** Task directions **
Repeat the listing exactly. Pictures stay out of your copy.

Collected data: Begin

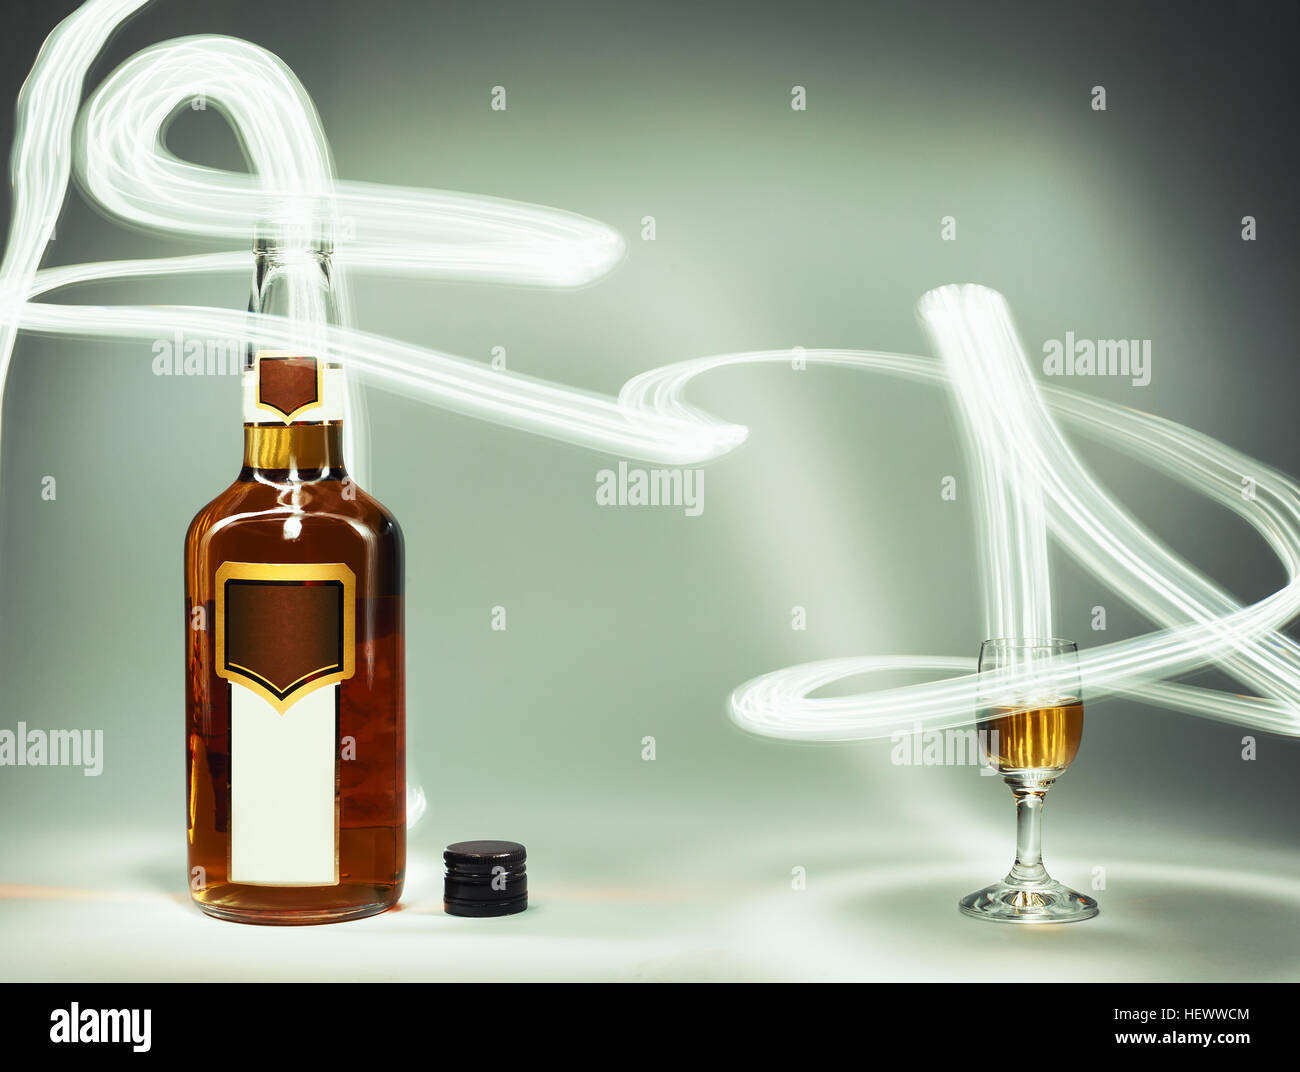 Conceptual composition of alcoholic drinks, full brandy bottle and a glass and lighting effects. Stock Photo
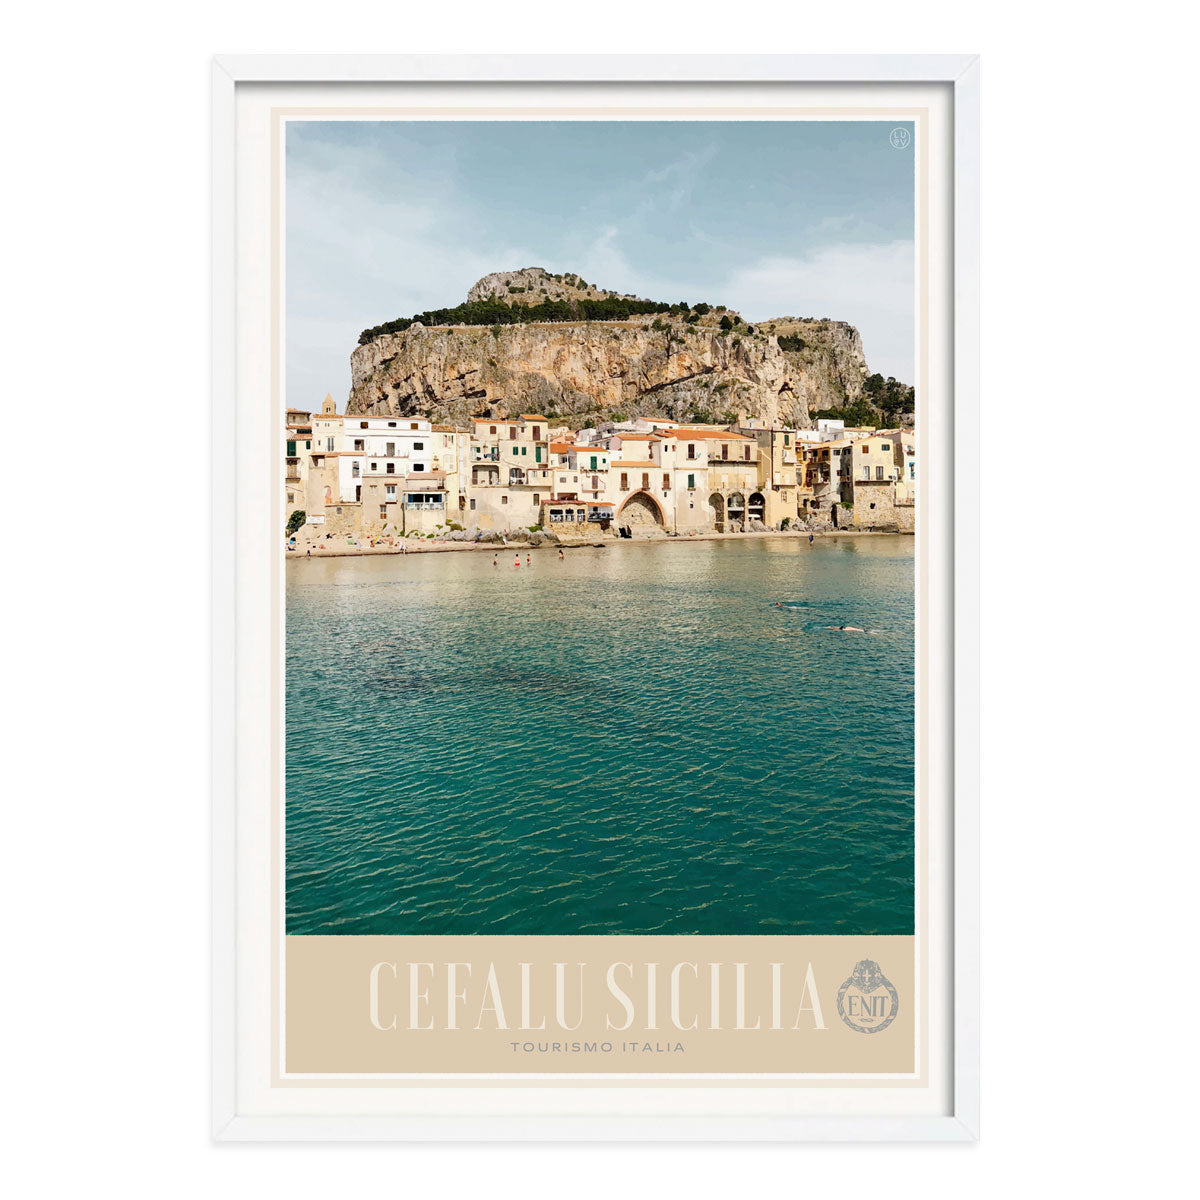 Cefalu Sicily retro vintage poster print in white from Places We Luv
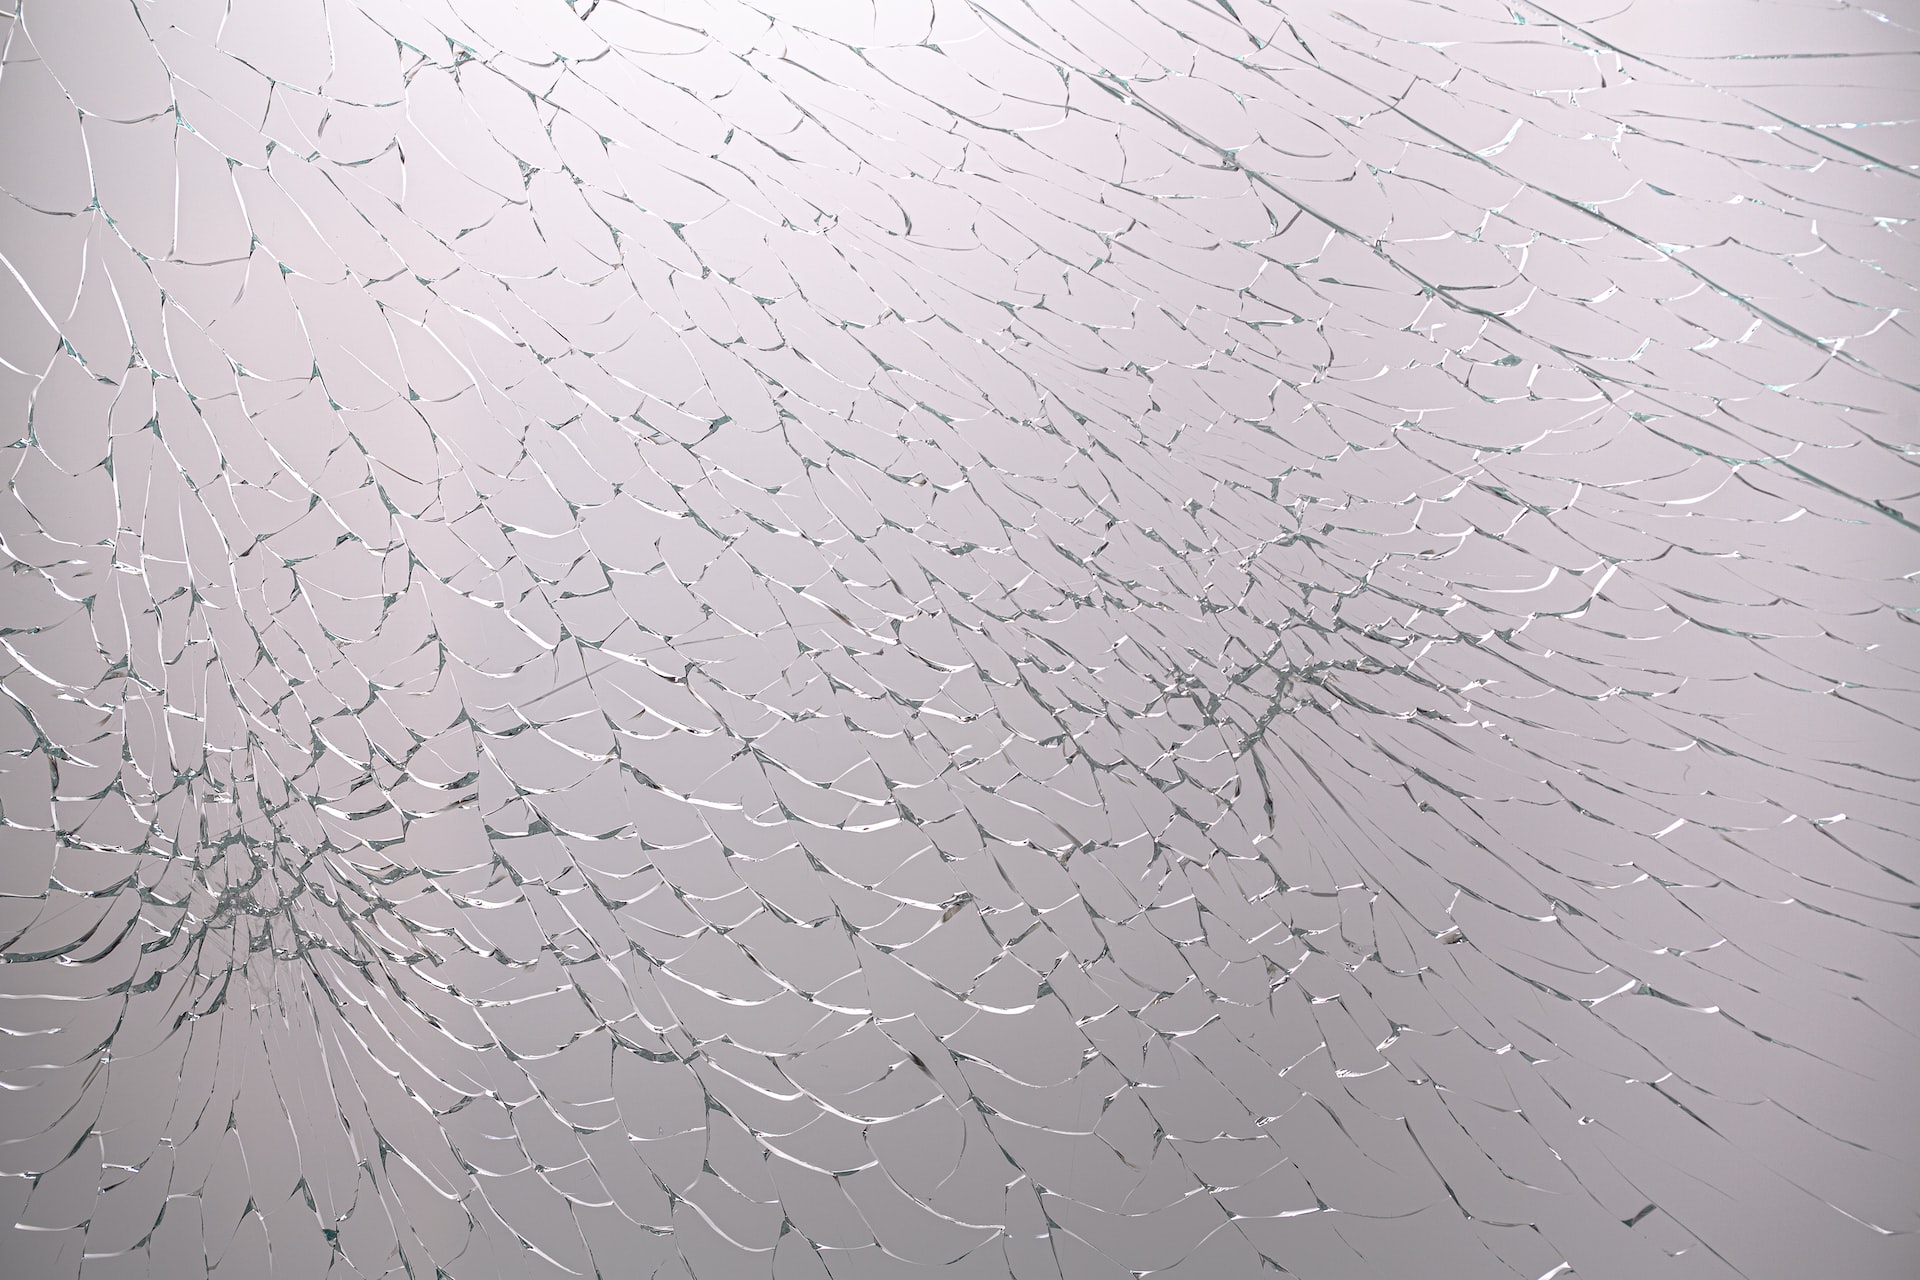 Broken Glass illustrating the need for security window film

Collected data: End

** Response to this exercise **
 Conceptual composition of alcoholic drinks, full brandy bottle and a glass and lighting effects. Stock Photo
 Cefalu Sicily retro vintage poster print in white from Places We Luv
 Broken Glass illustrating the need for security window film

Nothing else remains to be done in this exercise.